Both cameras have the same light metering sensor, same Nikon Multi-CAM 4800DX AF sensor with 39 AF points (9 cross-type), same shutter speed (3fps in’L’ mode and up to 5 fps in ‘H’ mode), same exposure compensation and bracketing.

No doubt that the D5300 improves where is should be improved and Nikon did a great job with the D5300. You get a new sensor (with no OLPF), image processor, larger viewfinder, 60p video recording, , WiFi + GPS, better battery life and better ergonomics.  This is a very noticeable update and this certainly makes the D5300 on of the more feature-rich entry-level DSLR cameras on the market right now. Nikon improved upon what needs and expected to be improved in order to create a DSLR camera that withstand the competition in both the DSLR and Mirrorless industries.

Although you won’t find any innovative features here, something that is lacked in the DSLR business from quite some time, you do get features that you could only dream of having a few years ago.

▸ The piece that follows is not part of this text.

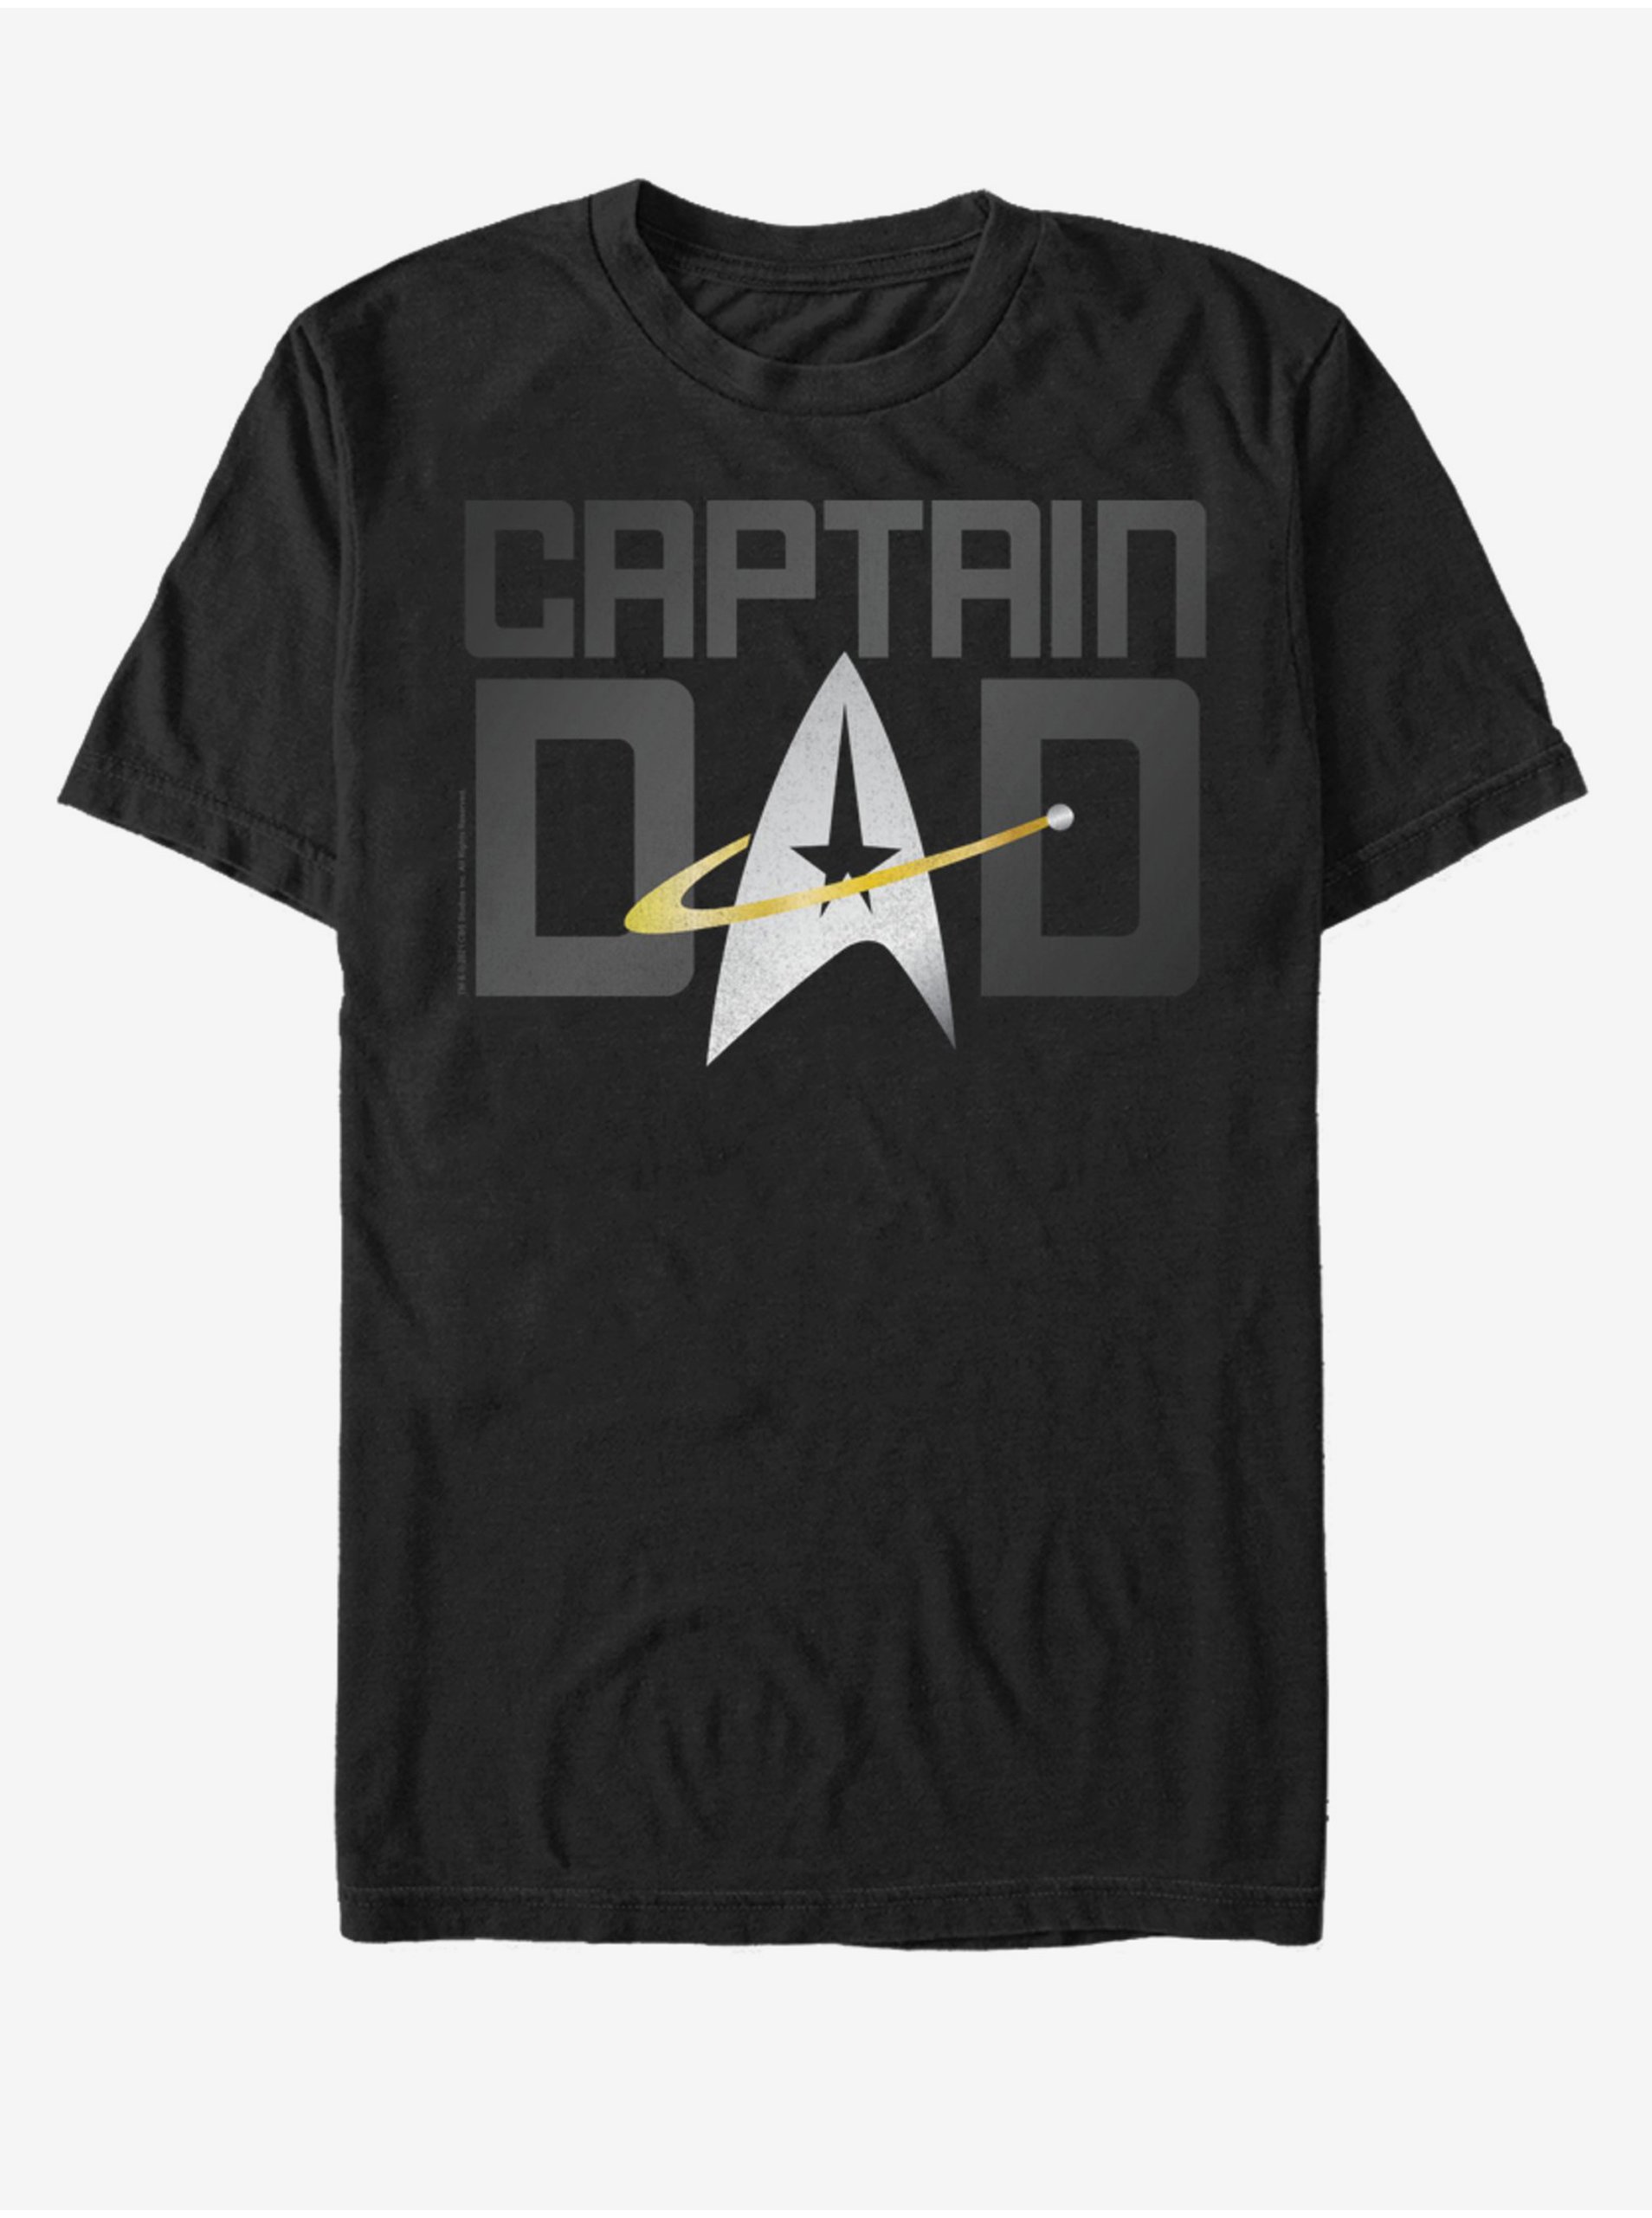 Lacno Černé unisex tričko ZOOT.Fan Paramount Captain Dad

The Nikon D5300 is really an impressive entry-level DSLR camera.

D5300 vs T5i / 700D vs D7100

Now that you understand the differences between the D5300 and the D5200, it’s time to see how the D5300 stand against two other popular DSLR cameras, the D7100 and Canon Rebel T5i / EOS 700D. The D7100 is a mid-range DSLR, whether the Canon T5i / 700D is the equivalent to the D5300 on the Canon’s camp.

As of the time of writing, the Canon Rebel T5i costs approx. $650 (body only), which is $150 less than the D5300. Lets not forget that the 700D / T5i was announced almost a year ago (as of the time of writing) on March 21, 2013.  The Nikon D7100 costs around $1150 (body only), which makes this camera the choice for enthusiast photographers who want and will take use of its advantages compare to the entry-level cameras offered by Nikon, including the D5300 among them.

I’m pretty sure that the main debate will take be with the D5300 and T5i / 700D. The D7100 might be an option for those of you who can afford buying it and those who find its features appealing for your personal shooting style and professional needs. If you are a novice photographer and it’s your first DSLR camera that you buy I recommend starting with either the D5300 or T5i and grow up from there. Don’t forget that you’ll also need to buy a lens or the kit offering (comes with one lens) that will push the price up. You might also prefer buying a second lens, even if you have the budget for the D7100. There are some amazing Nikkor lenses out there that will certainly help you in various shooting situations, where the camera can’t give you an answer for that. For example, you might consider buying an ultra wide-angle lens or a very fast prime lens to get that very smooth Bokeh effect and being able to shoot without a flash in low-light.

Whatever you consideration are, you should look at the whole package and make a smart buying decision — taking everything into account.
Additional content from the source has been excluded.